The parameter $\tau_{j}$ is the smoothing parameter that controls the trade-off between smoothness and bias. When $\tau_{j}^{-1}=0$ , $\beta_{j}(t)$ is restricted to be a straight line with intercept $\beta_{j}(0)$ and slope $\beta_{j}^{\prime}(0)$ . Thus the model (2.1) can be represented in a state space representation as

	$\displaystyle\log\left({{\lambda}_{i}}\right)$	$\displaystyle=\bm{z}_{i}^{T}\bm{\gamma}\left({{t}_{i}}\right),\ \ \ \ i=1,\cdots,n$
	$\displaystyle\bm{\gamma}\left({{t}_{i}}\right)$	$\displaystyle={\bm{T}_{i}}\bm{\gamma}\left({{t}_{i}}\right)+\bm{\eta}\left({{t}_{i}},{{t}_{i-1}}\right),\ \ \bm{\eta}\left({{t}_{i}},{{t}_{i-1}}\right)\sim N\left(\bm{0},{\bm{Q}_{i}}\right),$		(2.6)

where

	$\displaystyle{\bm{z}_{i}}$	$\displaystyle={{\left(1,0,{{x}_{i1}},0,{{x}_{i2}},\cdots,{{x}_{i{{q}_{1}}}},0,{{x}_{i,{{q}_{1}}+1}},\cdots,{{x}_{iq}}\right)}^{T}},$
	$\displaystyle\bm{\gamma}\left(t\right)$	$\displaystyle={{\left({{\beta}_{0}}\left(t\right),{{{{\beta}^{\prime}}}_{0}}\left(t\right),{{\beta}_{1}}\left(t\right),{{{{\beta}^{\prime}}}_{1}}\left(t\right),\cdots,{{\beta}_{{{q}_{1}}}}\left(t\right),{{{{\beta}^{\prime}}}_{{{q}_{1}}}}\left(t\right),{{\alpha}_{1}},\cdots,{{\alpha}_{{{q}_{2}}}}\right)}^{T}},$
	$\displaystyle\bm{\eta}\left({{t}_{i}},{{t}_{i-1}}\right)$	$\displaystyle={{\left(U_{0}^{T}\left({{t}_{i}},{{t}_{i-1}}\right),\cdots,U_{{{q}_{1}}}^{T}\left({{t}_{i}},{{t}_{i-1}}\right)\right)}^{T}},$
	$\displaystyle{\bm{T}}$	$\displaystyle=\text{diag}\left(\overbrace{{{T}},\cdots,{{T}}}^{{{q}_{1}}+1},\overbrace{1,\cdots,1}^{{{q}_{2}}}\right),$
	$\displaystyle{\bm{Q}}$	$\displaystyle=\text{diag}\left(\overbrace{\lambda_{0}^{-1}{{Q}},\cdots,\lambda_{{{q}_{1}}}^{-1}{{Q}}}^{{{q}_{1}}+1},\overbrace{0,\cdots,0}^{{{q}_{2}}}\right).$

Here, we refer the model (2.6) to Dynamic Poisson state space (DPSS) prediction model.
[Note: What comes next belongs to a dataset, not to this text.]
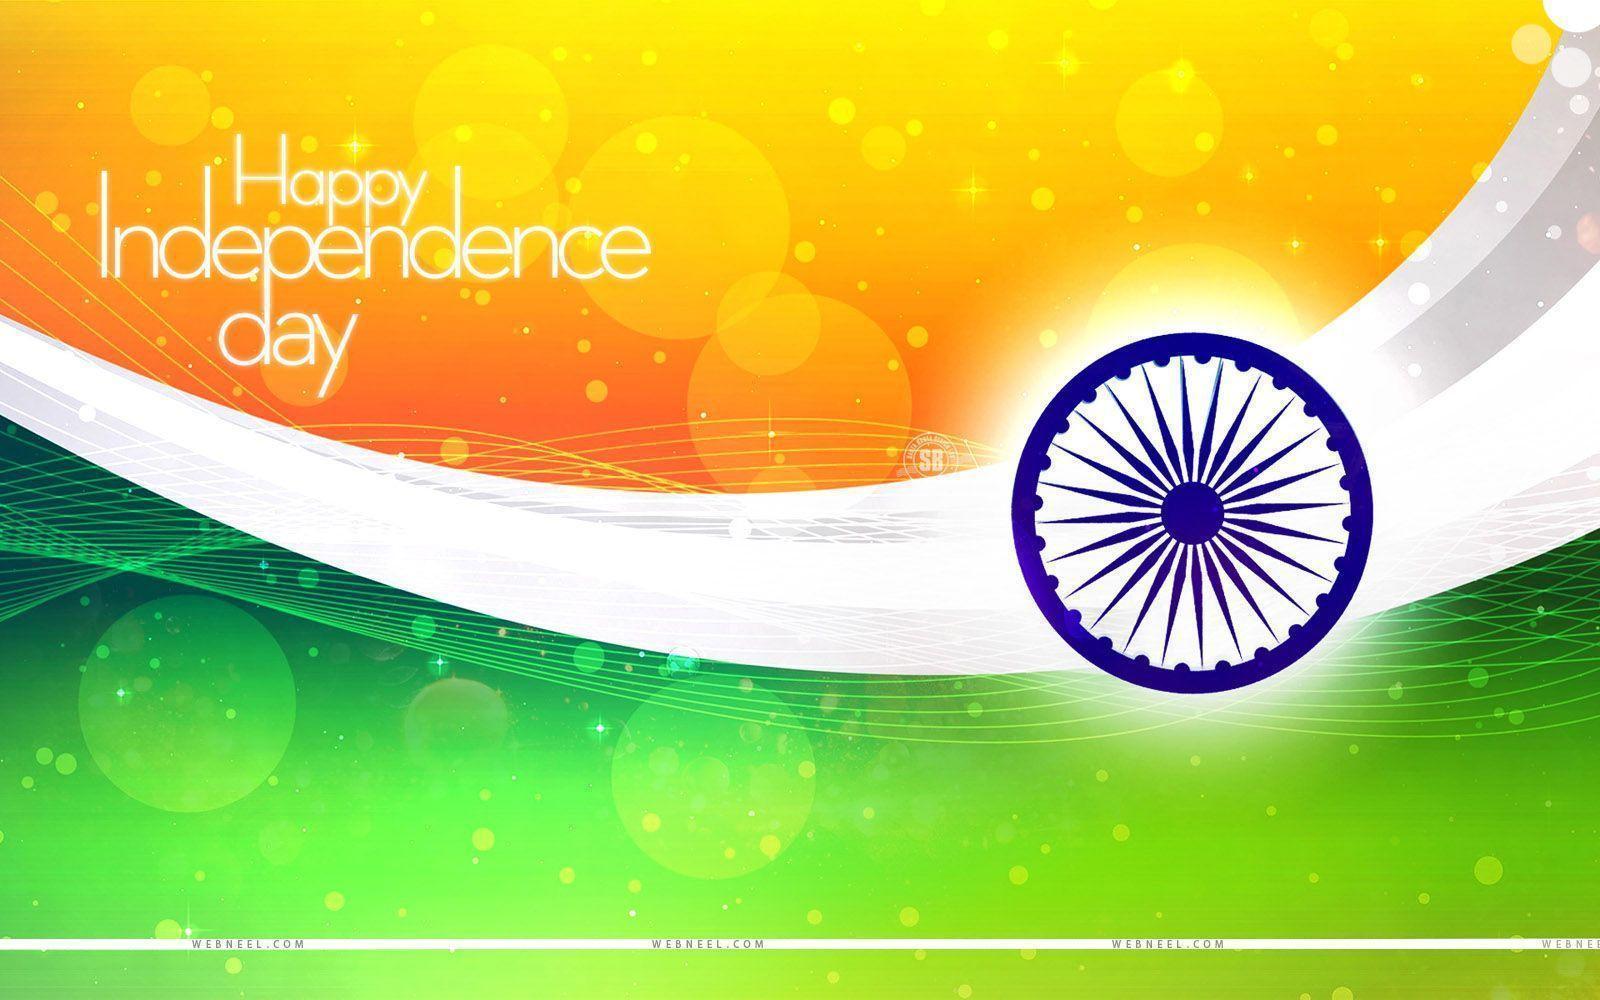 Happy Republic Day 2016 wishes, greetings, Whatsapp Video

The distinctions between model specifications for varying and constant coefficients are reflected in both the transition matrix $\bm{T}_{i}$ and variance matrix $\bm{Q}_{i}$ . The identity transition in $\bm{T}_{i}$ that corresponds to $\bm{\alpha}$ and zero variance in $\bm{Q}_{i}$ implies that $\bm{\alpha}$ are constant coefficients. In state-space models, the estimates of the coefficients are updated as each new observation becomes available. For non-Gaussian state space models, numerical integrations or normal approximations are typically used in the sequential updates. Numerical approximation of the count distribution has a large approximation error that can accumulate over time. In addition, it is often not feasible or desirable to update the model one sample at a time in real applications. Instead, we propose to update the estimates over fixed time intervals with batch data, which can lead to more accurate approximation.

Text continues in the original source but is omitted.